2 septiembre, 2022 / Carmelitas
Vigésimo Tercer Domingo del Tiempo Ordinario

Sb 9,13-18

Sl 89(90),3-6.12-14.17

Lc 14,25-33

Flm 9b-10.12-17

Sólo Dios puede darnos a conocer su voluntad y sólo Él puede darnos la gracia de adherirnos a ella y ponerla por obra en nuestra vida. La primera lectura del libro de la Sabiduría ilustra esta verdad, preguntando sobre la voluntad divina y afirmando que al hombre le resulta imposible conocerla por sí mismo. Y así lo pone de manifiesto también el Evangelio, cuando Jesús desvela las condiciones del seguimiento y, por tanto, la voluntad de Dios que Él revela. Su enseñanza desconcierta, no concuerda con nuestros pensamientos limitados, con nuestros deseos aferrados a las cosas de este mundo, con nuestros afectos movidos por los lazos de carne y sangre. Sólo el Espíritu Santo desvela en los corazones bien dispuestos la verdad de esta enseñanza y les conduce a responderla con veracidad en la propia existencia.

La segunda lectura desvela, por su parte, otro aspecto del Evangelio de nuestro Señor Jesucristo: la grandeza de su amor, su magnanimidad, que irrumpe en los corazones y es capaz de cambiar las relaciones que previamente se basaban únicamente en miras humanas, transformándolas en relaciones de amor en conformidad con el Dios que nos ama y se nos da en el Hijo como Padre nuestro.

El libro de la Sabiduría puede dividirse en tres partes. La primera (capítulos 3–5) muestra la función de la sabiduría en el destino de los hombres y compara la situación de los buenos y de los malos en la vida eterna y después de la muerte; la segunda parte (capítulos 6–9) expone el origen y la naturaleza de la sabiduría y el modo para alcanzarla; la tercera parte (capítulos 10-19) exalta la obra de la sabiduría y de Dios en la historia del pueblo elegido. El texto hodierno se emplaza al final de la segunda parte y ofrece un fragmento de la oración que, puesta en boca de Salomón, es dirigida por dicho rey a Dios para obtener la sabiduría.

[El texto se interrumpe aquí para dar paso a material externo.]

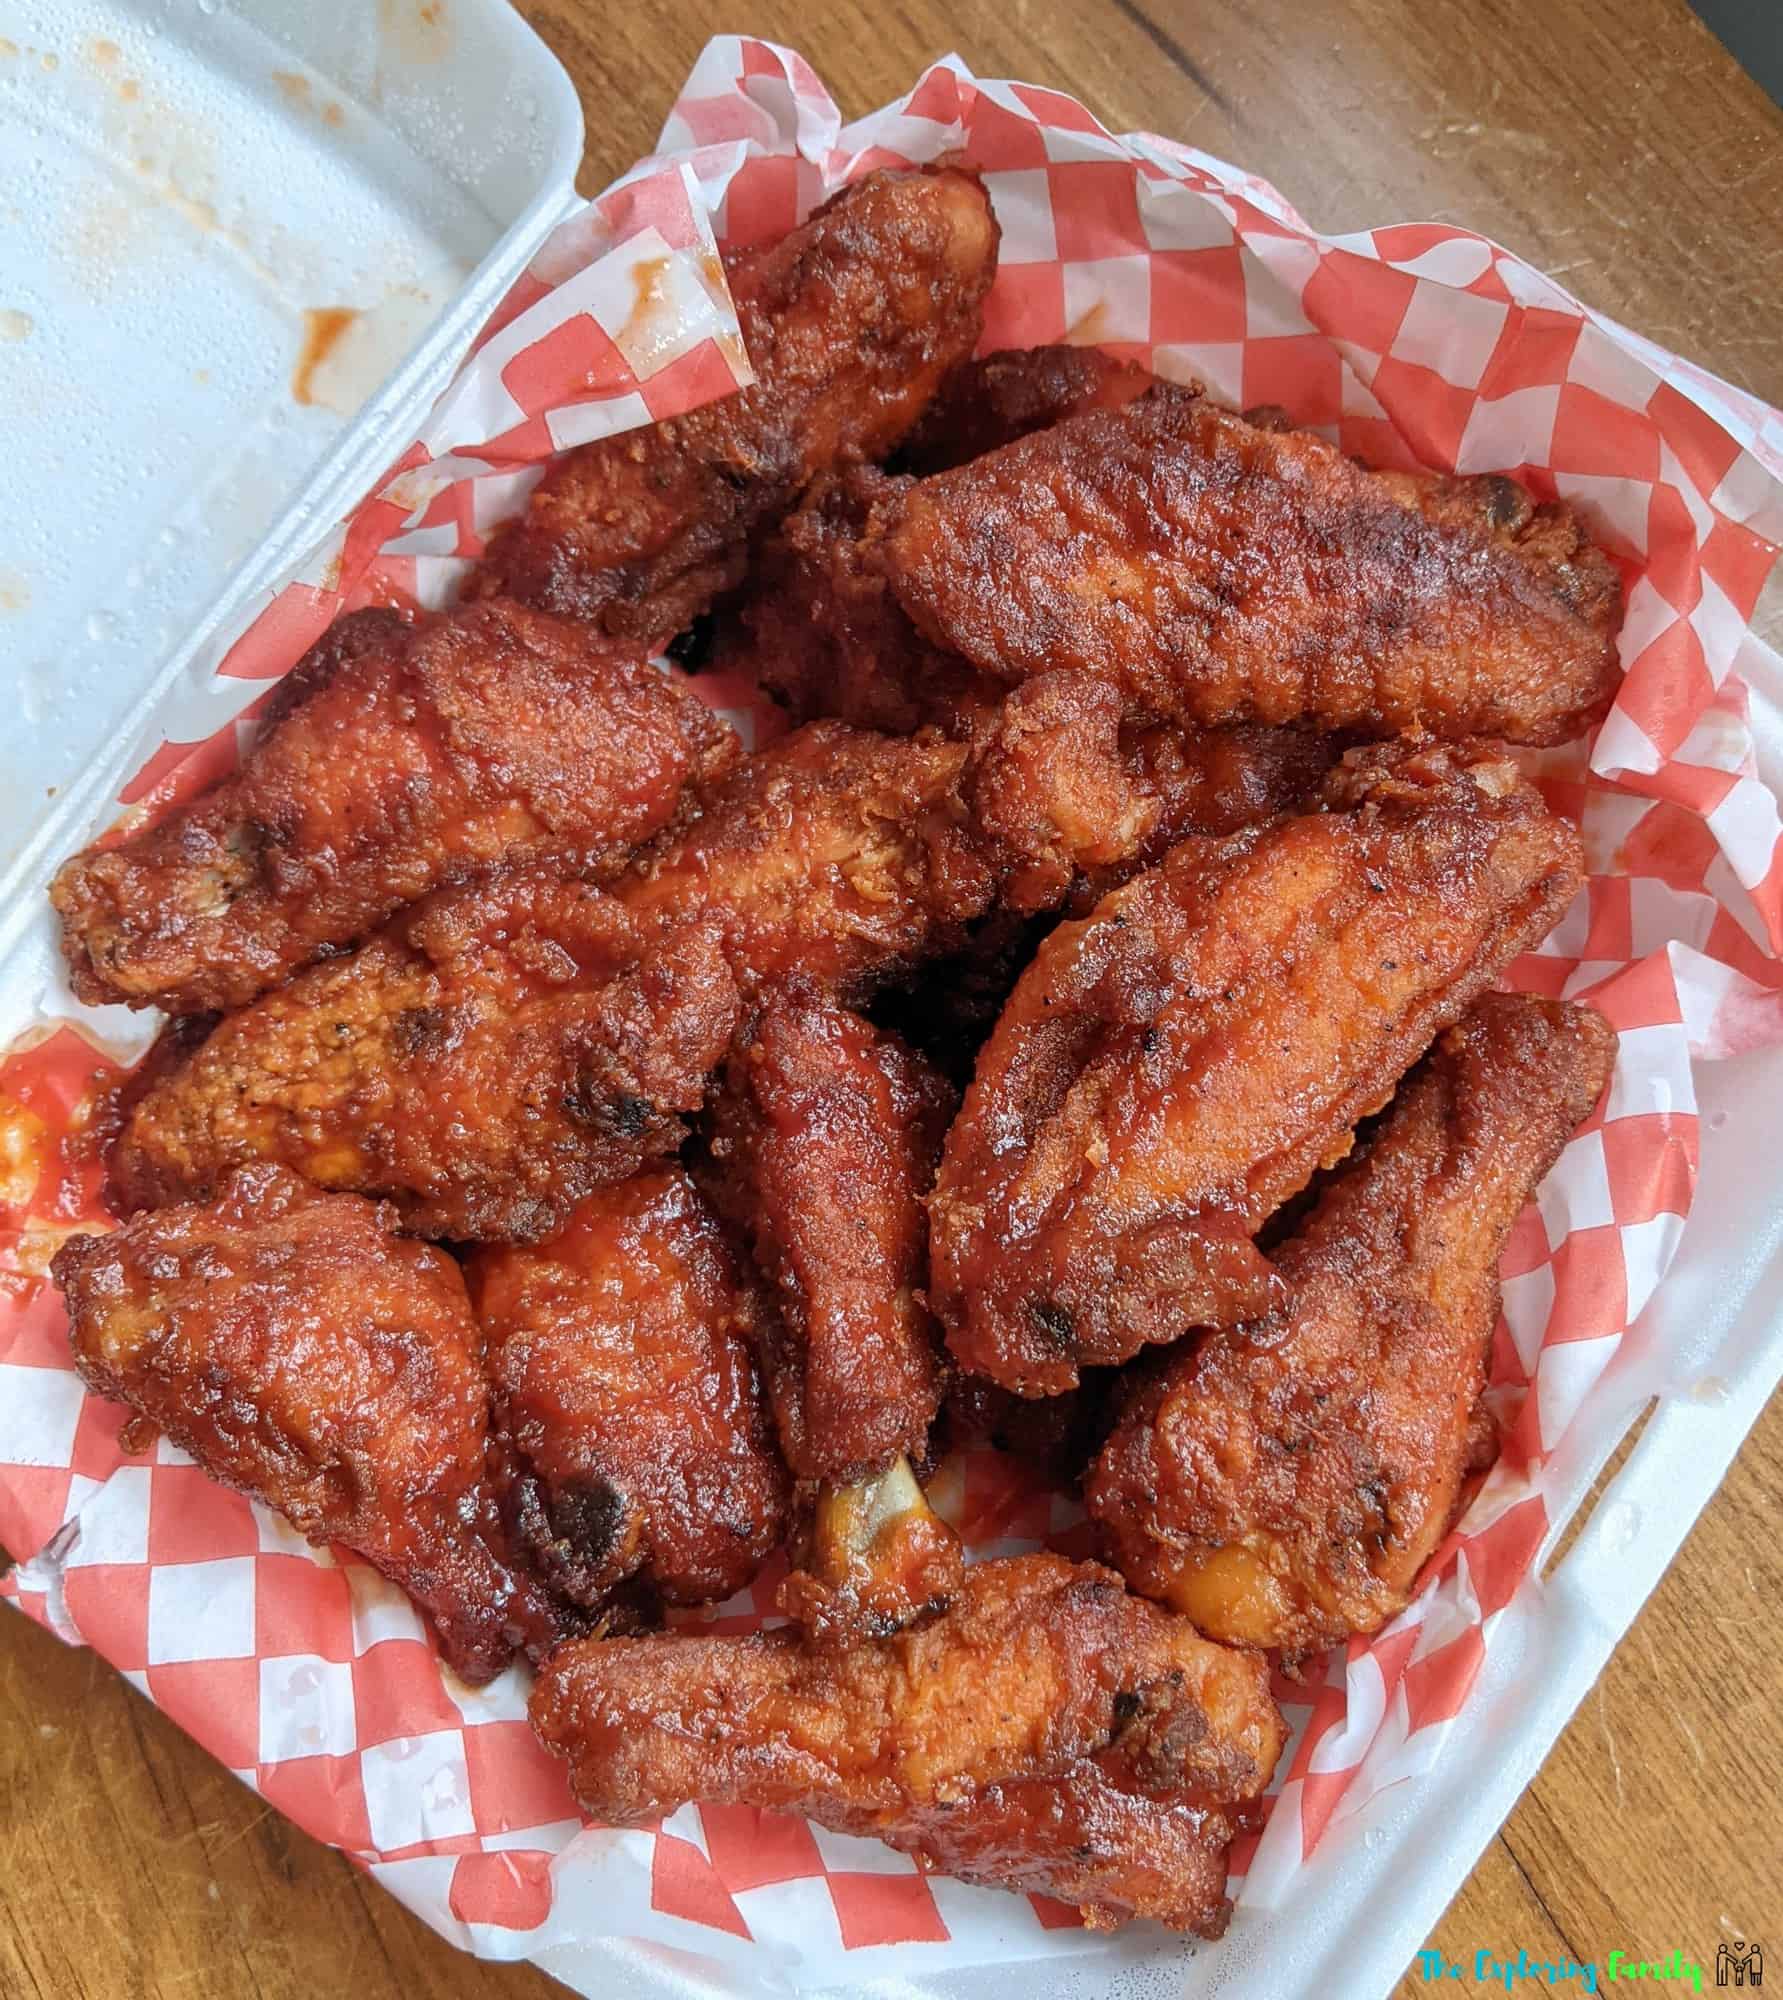 Best chicken wings in Brampton Tony & Jim's pizza and wings

Esta oración constata que la sabiduría excelsa de Dios sólo puede ser conocida por los hombres si Dios mismo la revela. Los pensamientos, proyectos, diseños eternos de Dios, que jamás improvisa en lo que hace porque todo lo penetra, conoce y gobierna, superan sobremanera a nuestra inteligencia, son “misterio”, es decir, secreto divino. El texto afirma, por eso, la transcendencia de Dios, ante la cual sólo la adoración puede ofrecer un puente que establezca un cierto contacto o relación con Él. El pensamiento de Dios sólo se comprende si se recibe el don de la Sabiduría, don que capacita para entender el modo como Dios actúa en la historia humana y que solemos denominar: providencia. Esta Sabiduría, revelada definitivamente en Jesucristo, nos ha sido dada a los cristianos mediante la infusión del Espíritu Santo en nuestros corazones.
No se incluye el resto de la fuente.